Мы отправились изучать остров. Сначала мы изучали его по горизонтали, потом – по вертикали. По горизонтали и вертикали, шаг за шагом, месяц за месяцем. Хотя, про месяцы – это я уже перегнул, не более трех часов понадобилось на все.

– Ничего нет.

Это правда – лишь пустота хвойных деревьев и тишина. Оглушающая тишина. Самым большим разочарованием, конечно, был маяк. Его отсутствие. Мы стояли и молчали.

– Странно, сигареты куда-то делись, – заметил я.

– Думаешь, кто-то их украл?

Я медленно оглянулся.

– Думаю, что как-то слишком тихо для такого острова.

– А я проголодалась.

Вся эта затея нравилась мне все меньше. Чертов любитель гардин, из-за таких как он люди и бросаются под колеса обозрения. Потом бросают друг друга. «Не бросайте, не надо!» – кричат колеса, но тебе кажется, что ты на правильном пути. Люди забывают, что на любых путях две рельсы никогда не пересекаются.

– Давай вернемся вглубь острова, поищем плодовые деревья.

Мы идем, а вокруг только сосны. Сосны и елки. Прекрасный запах. От него еще сильнее хочется есть. Мы пробуем елки – не то. Не то, что сосны, но и сосны лишь навевают меланхоличные мысли. Потом она споткнулась.

– Аккуратней, – говорю, – что там?

– Черт, тут какая-то металлическая штука.

– Надеюсь, не капкан.

– Если бы это был капкан, я бы начала кричать.

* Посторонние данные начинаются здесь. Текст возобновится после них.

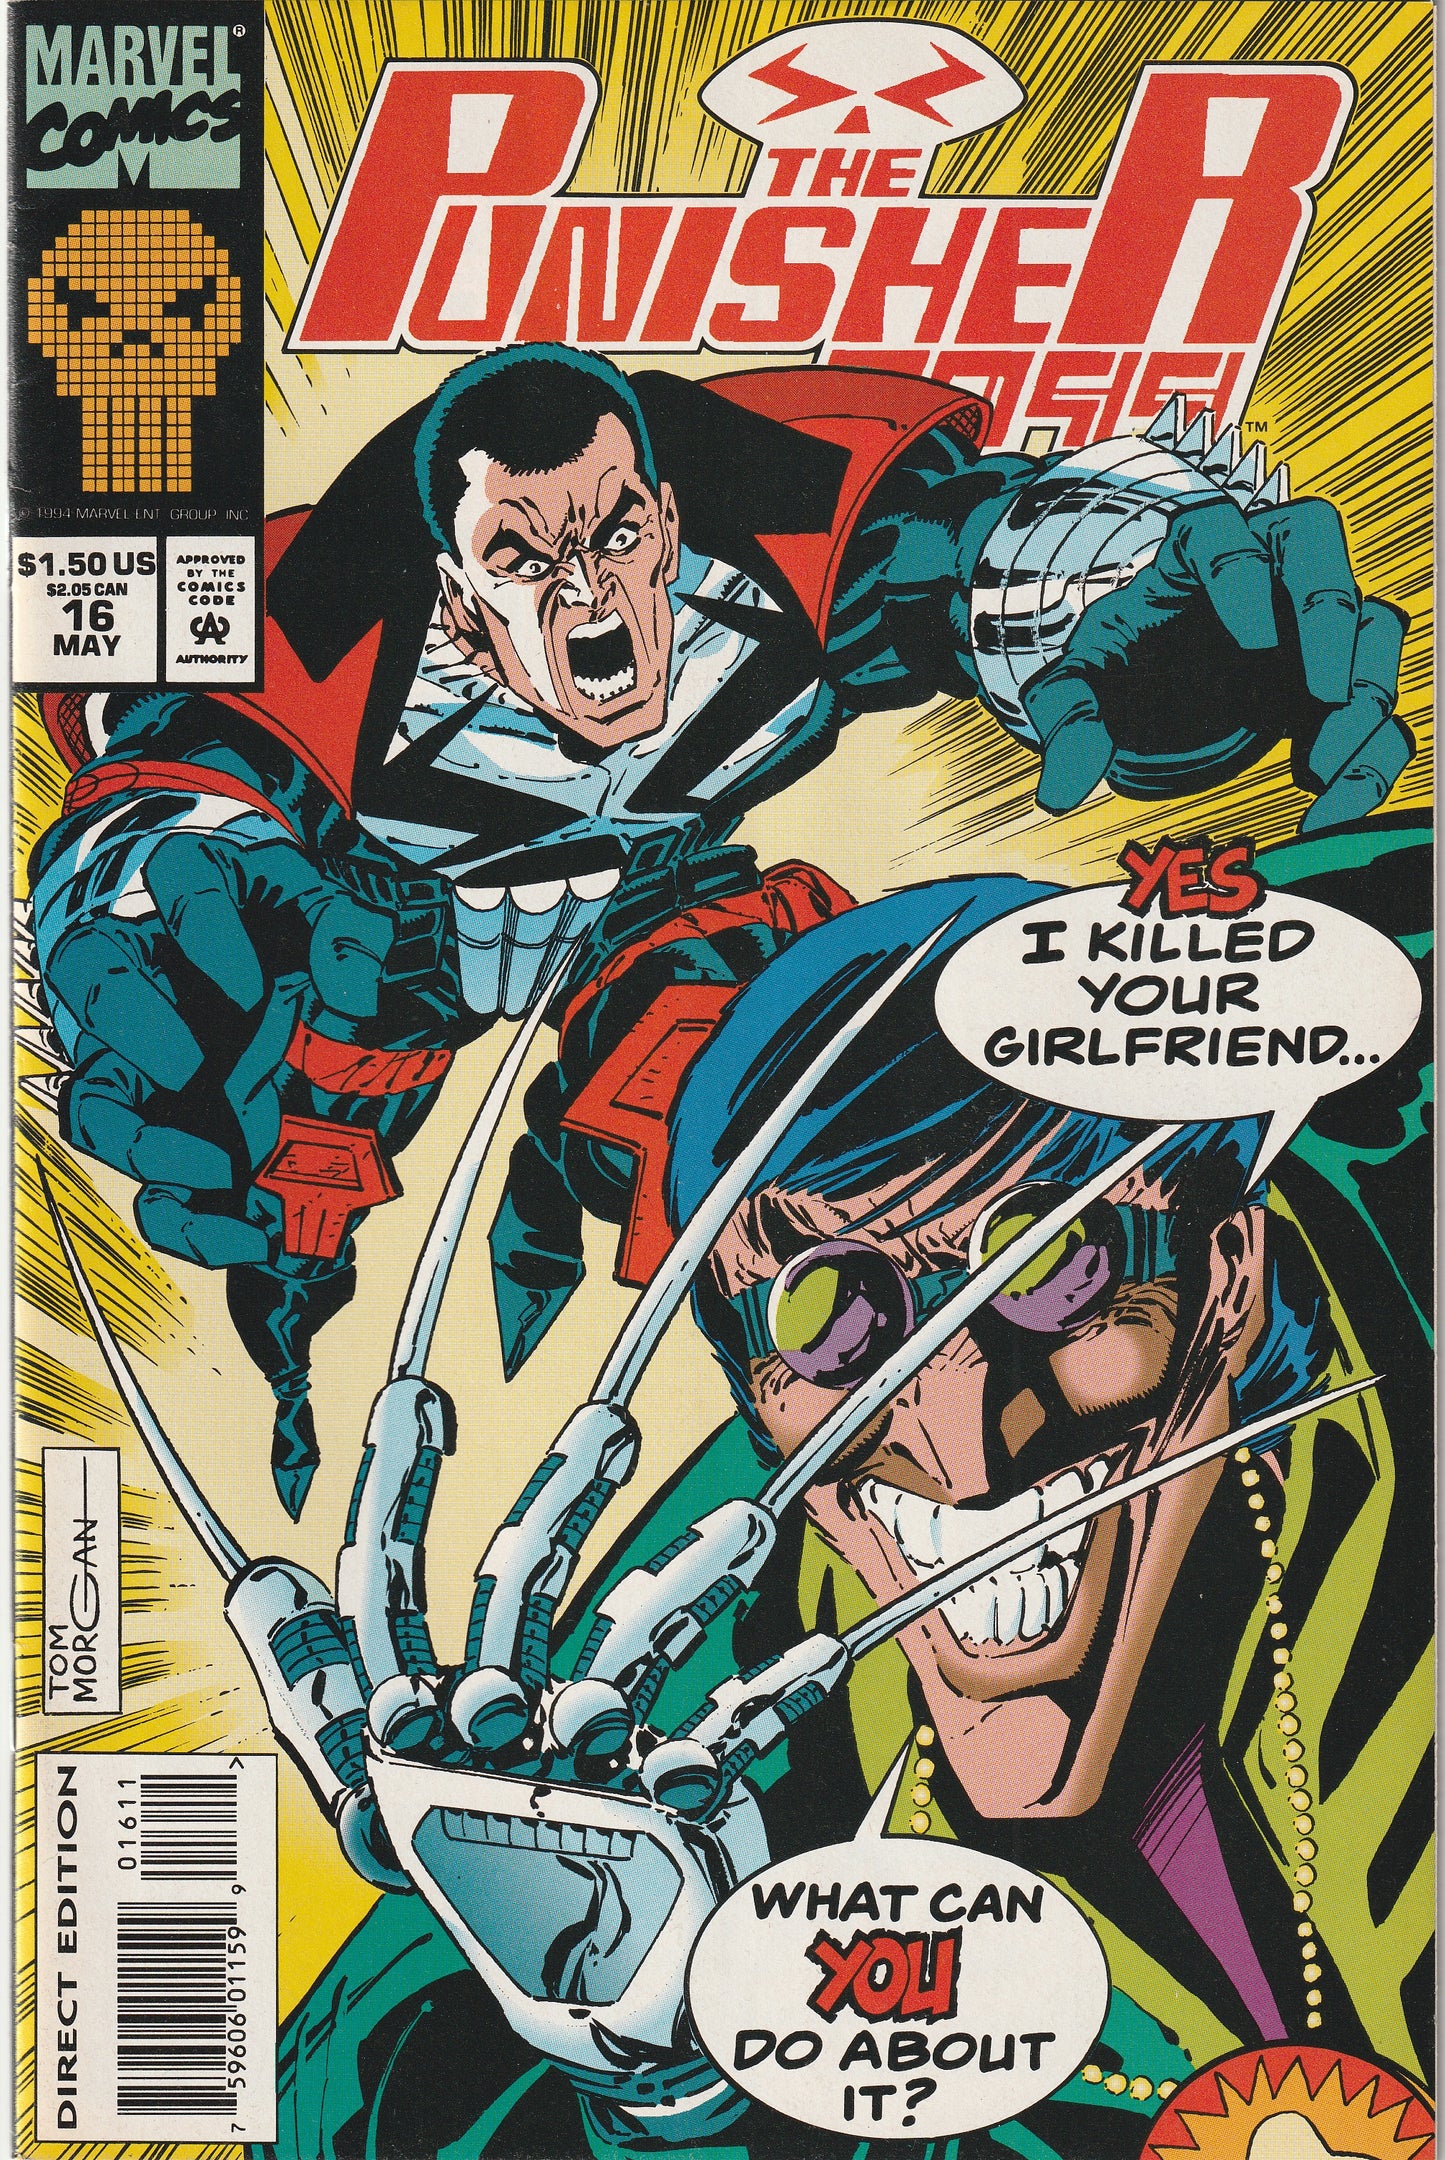 Punisher 2099 #16 (1994) - Marvel Masterworks cards attached

– Нет-нет, кричать бесполезно, здесь никто тебя не услышит, никто..

Страшно такое слышать на необитаемом острове, но еще страшней – заваривать одноразовый кофе несколько раз.

Мы пригляделись – металлической штукой оказался замок. Я разгреб вокруг ветки и опилки, и увидел, что замок принадлежит старой двери, находящейся на земле.

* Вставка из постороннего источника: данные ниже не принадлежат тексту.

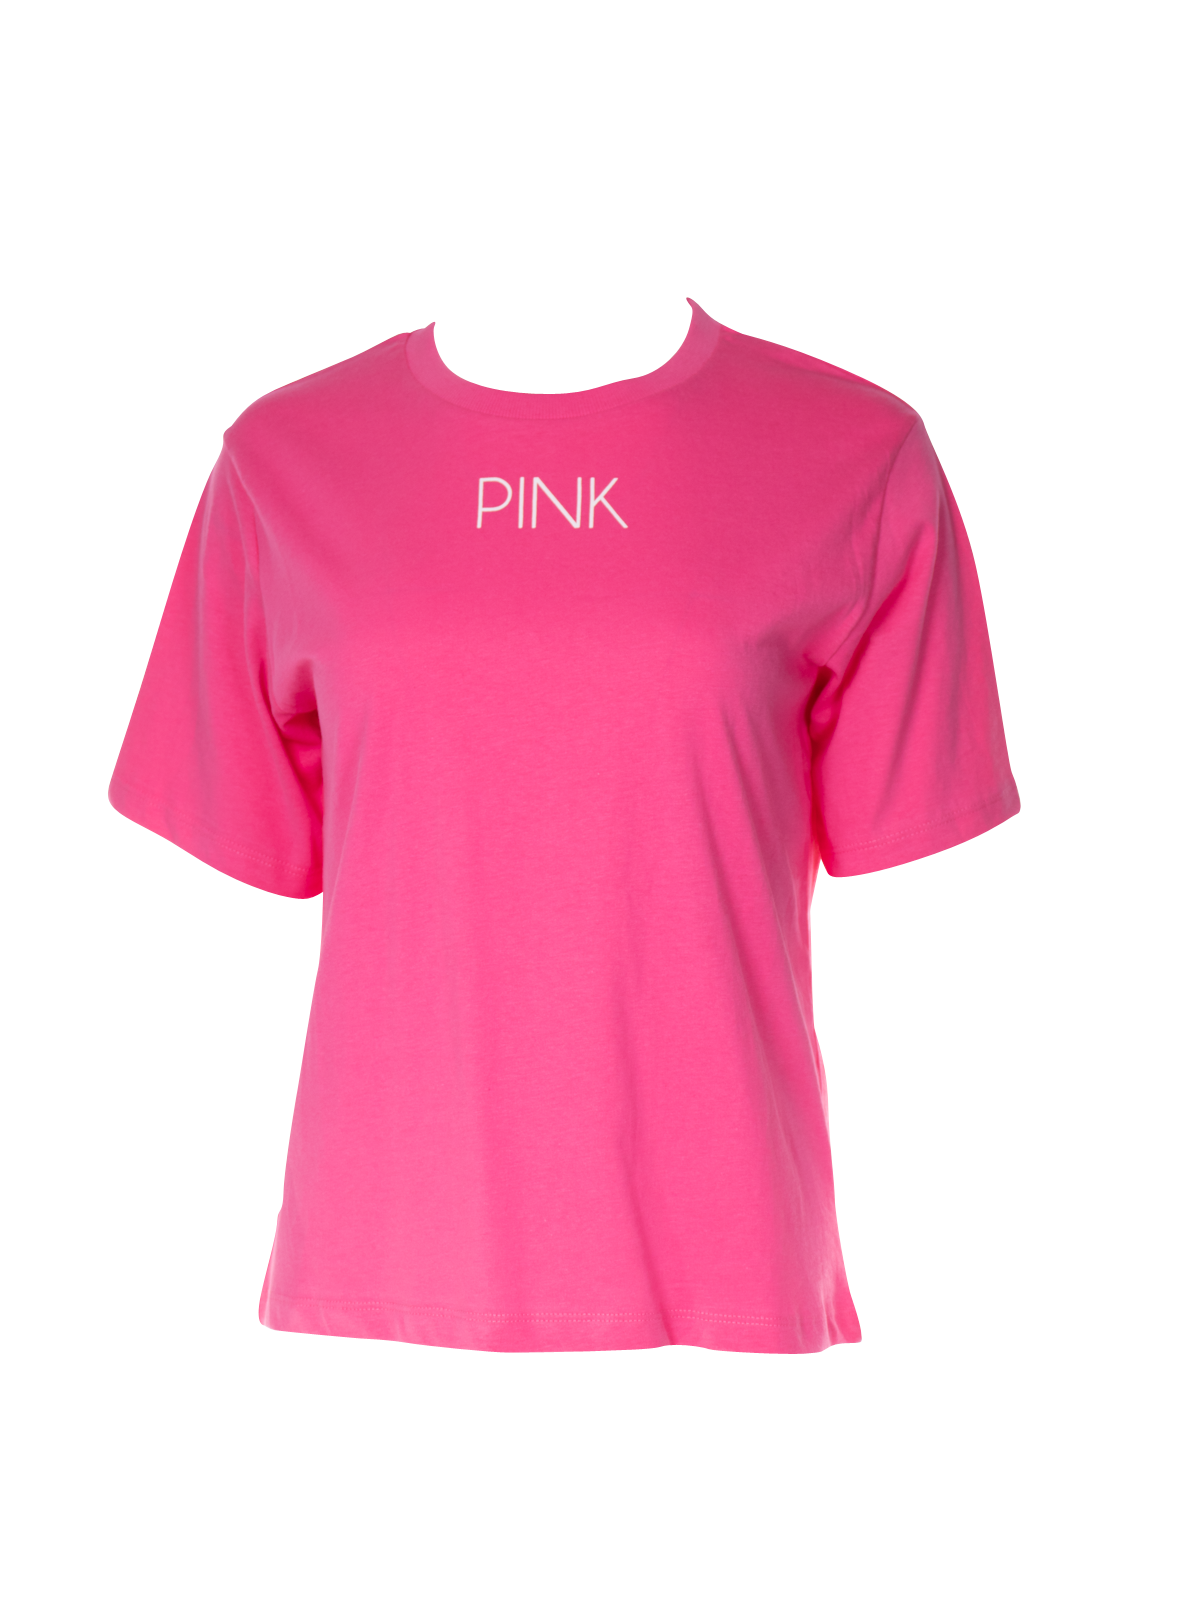 ga werken team Samenwerken met T-shirt print 'PINK' - BCI katoen kopen? - Wibra Nederland - Dat doe je  goed.

– Как думаешь, куда она ведет?

– Уж точно не к маяку.

– И замок такой большой.

– Неправдоподобно большой.

Это правда – замок был такой огромный, что по сути и сама дверь была не намного больше. Железный, тяжелый.

– Нам никогда его не открыть.

– Нам даже его не поднять.

– Хотя однажды я подняла целого дельфина.

– Ничего себе, целого дельфина? И где же это произошло?

– В ресторане.

Я подергал замок. Ничего. Подергал дверь. Открылась.

– Черт, этот замок ведь даже не прикреплен к ручке!

– И правда – смотри, его зацепили просто за петлю рядом.

Повеяло прохладой. Не холодом, от которого кровь стынет в холодильнике, но тревожной прохладой. Тревожной и приятной. Я открыл дверь нараспашку и увидел лестницу, ведущую в темноту.

– Идем?

– Идем.

4
Зачем кто-то повесил замок рядом с дверью без замка – загадка. Я любил загадки, и ребусы, и аэробусы – помню, как в детстве водитель одного из таких аэробусов посмотрел мне в глаза и сказал абсолютно серьезно: «Запомни, никогда больше не заходи в кабину водителя без спроса!».

Почему я помню эти слова, но не строчки песен битлз – еще одна загадка. Хотя и Джон Леннон нередко приходит ко мне во сне и просит написать ему новых песен.

– Творческий кризис, – говорит Джон.

– Это потому наверно, что ты умер.

– Возможно, возможно..

Мы спускались по лестнице. Сначала было темно, а потом появились окна. Сквозь окна проникал солнечный свет, и это было странно. Видеть солнечный свет под землей.

– Высоко слишком эти окна, не выглянуть.

– Тогда идем дальше.

Лестница была винтовая. Она кружилась, закручивалась и мы кружились с ней – как в вальсе, как в сальсе, на «раз-два-три, раз-два-три», – считал я вслух, а что дальше было уже и не вспомнить.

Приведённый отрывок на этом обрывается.